DATA SEGMENT:
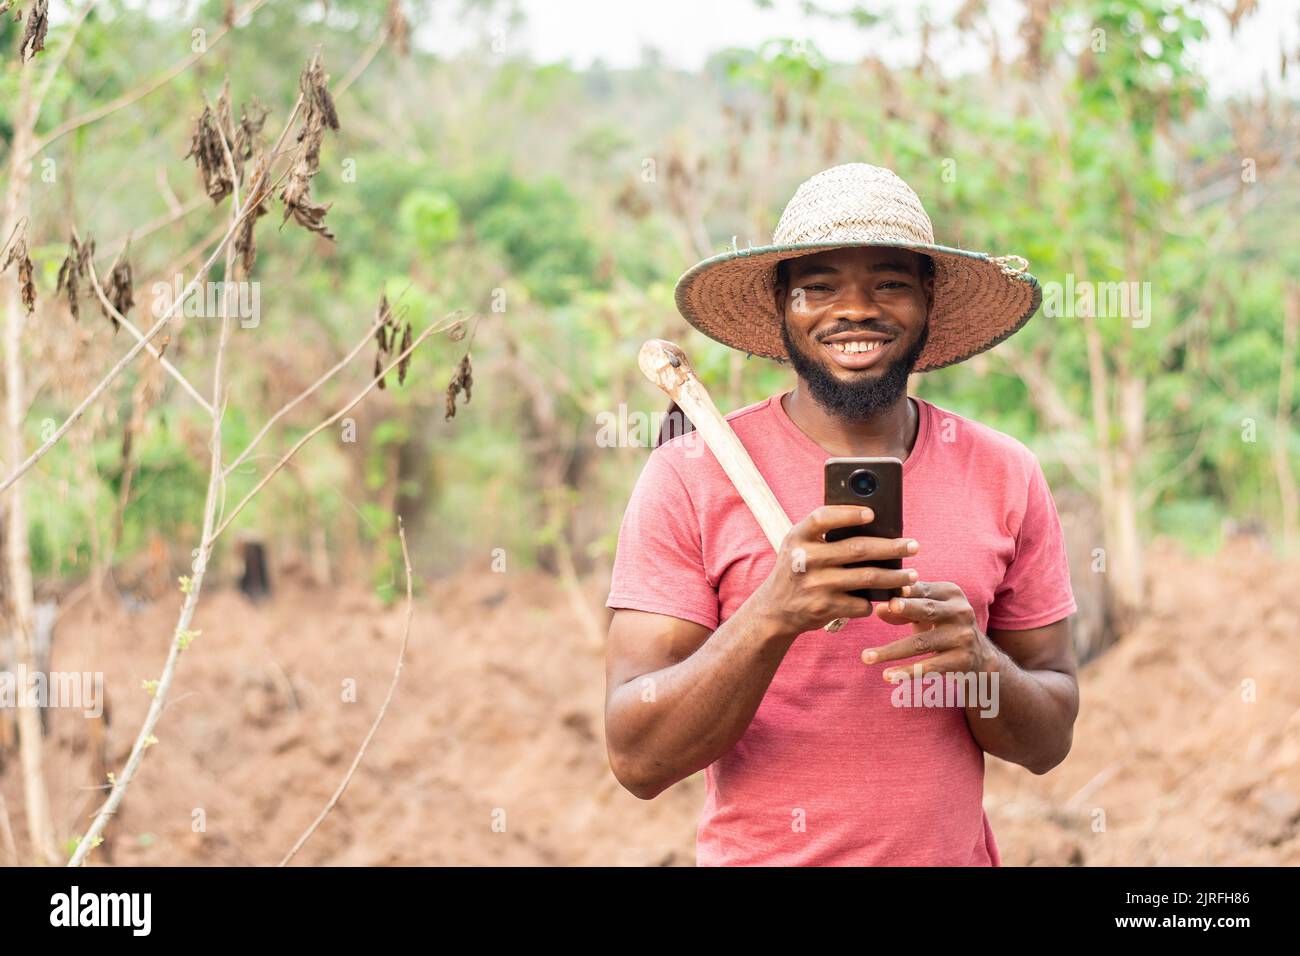 african farmer checking his phone Stock Photo
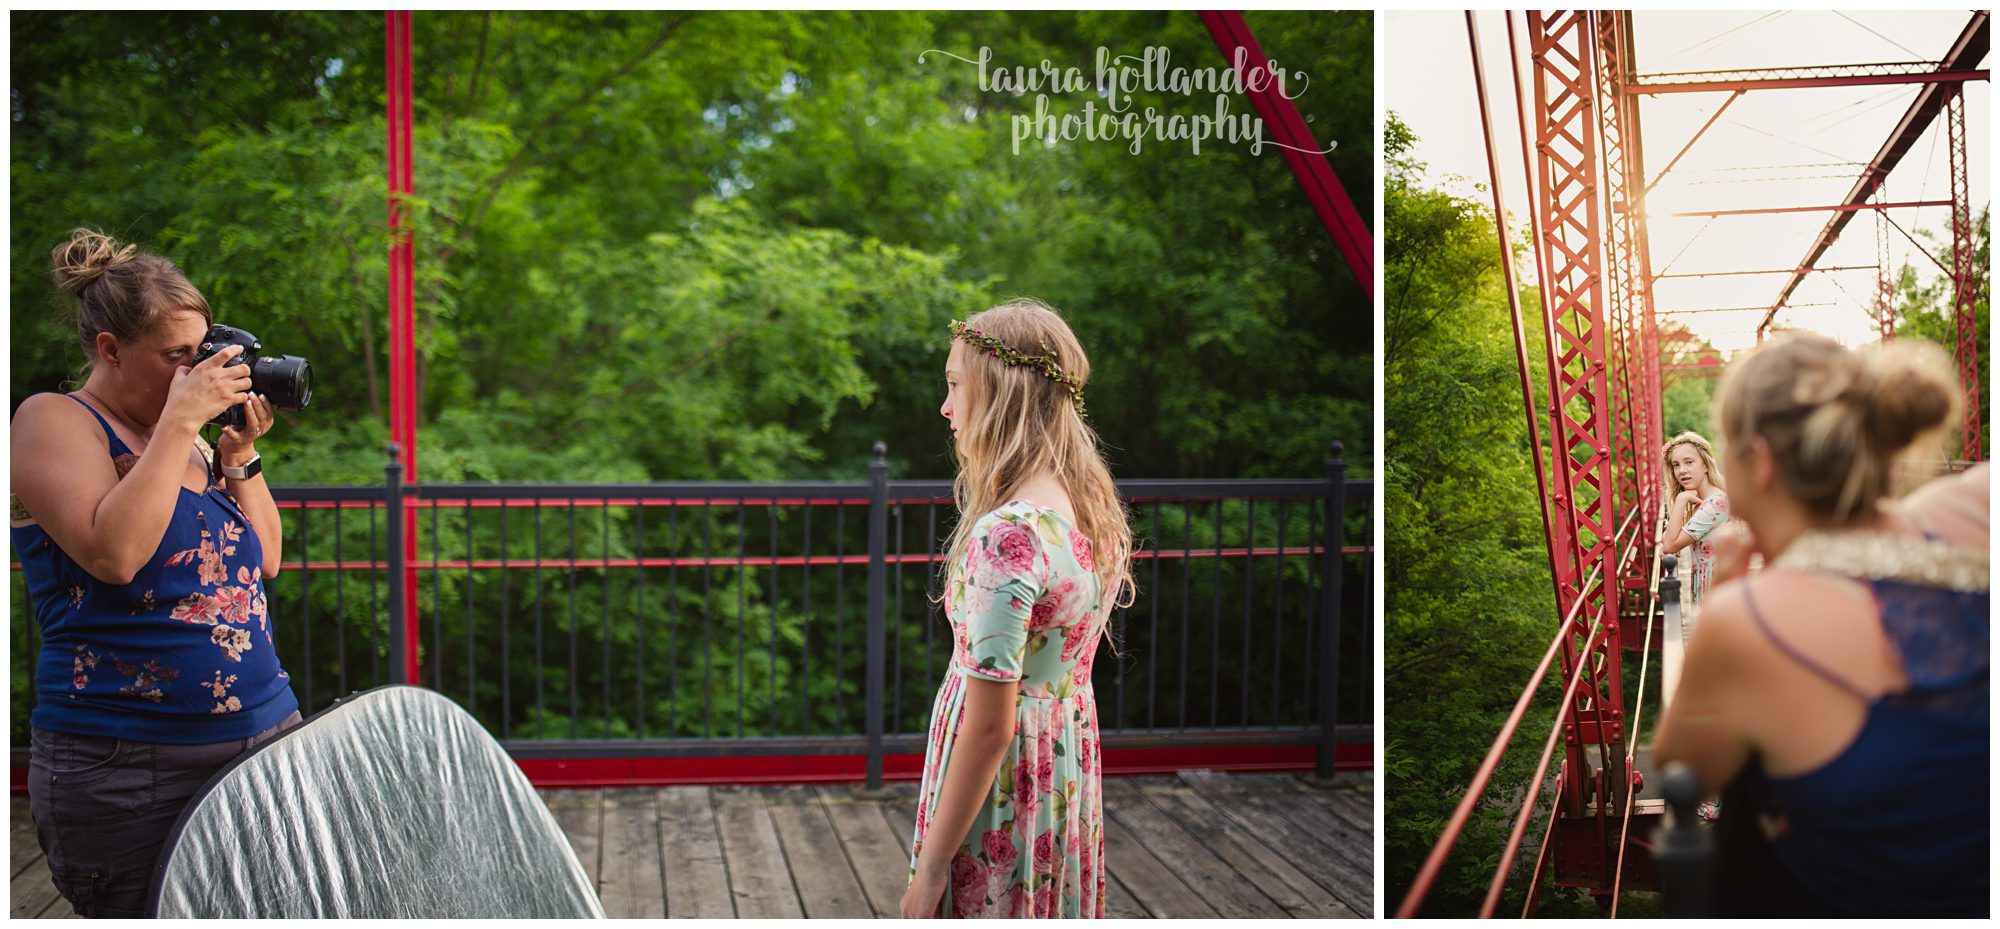 behind the scenes with lacey dippold photography
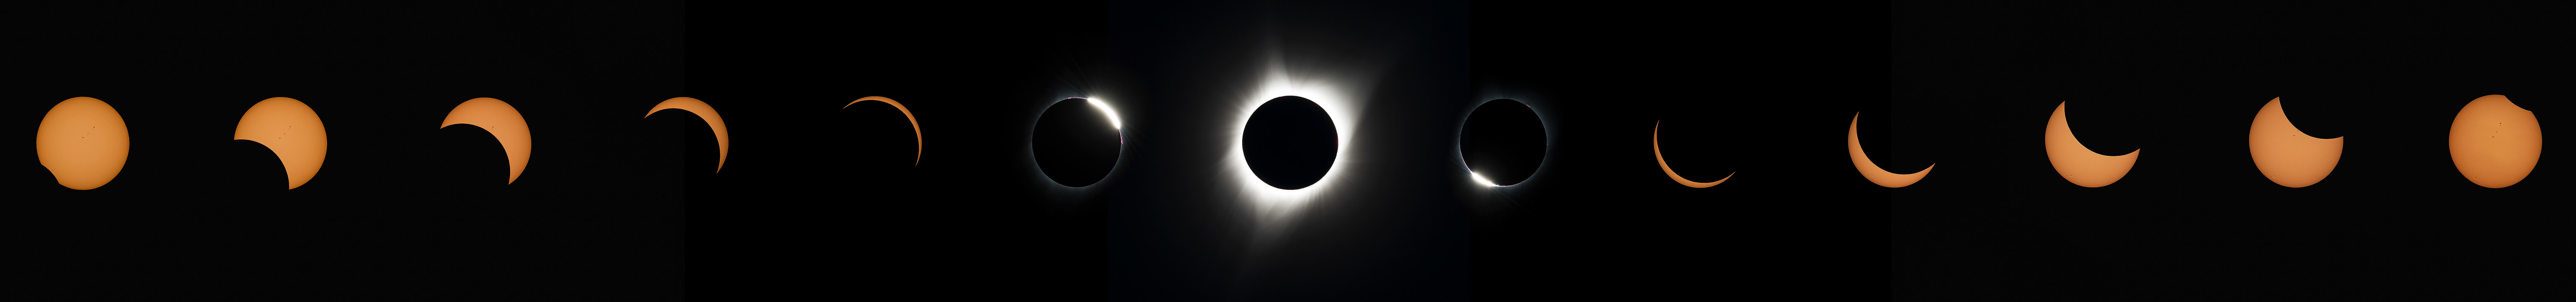 Total Eclipse sequence

WORK TO BE COMPLETED:
Produce an exact copy of each line of data, skipping embedded images.

REPLY TO THE TASK:
 african farmer checking his phone Stock Photo
 behind the scenes with lacey dippold photography
 Total Eclipse sequence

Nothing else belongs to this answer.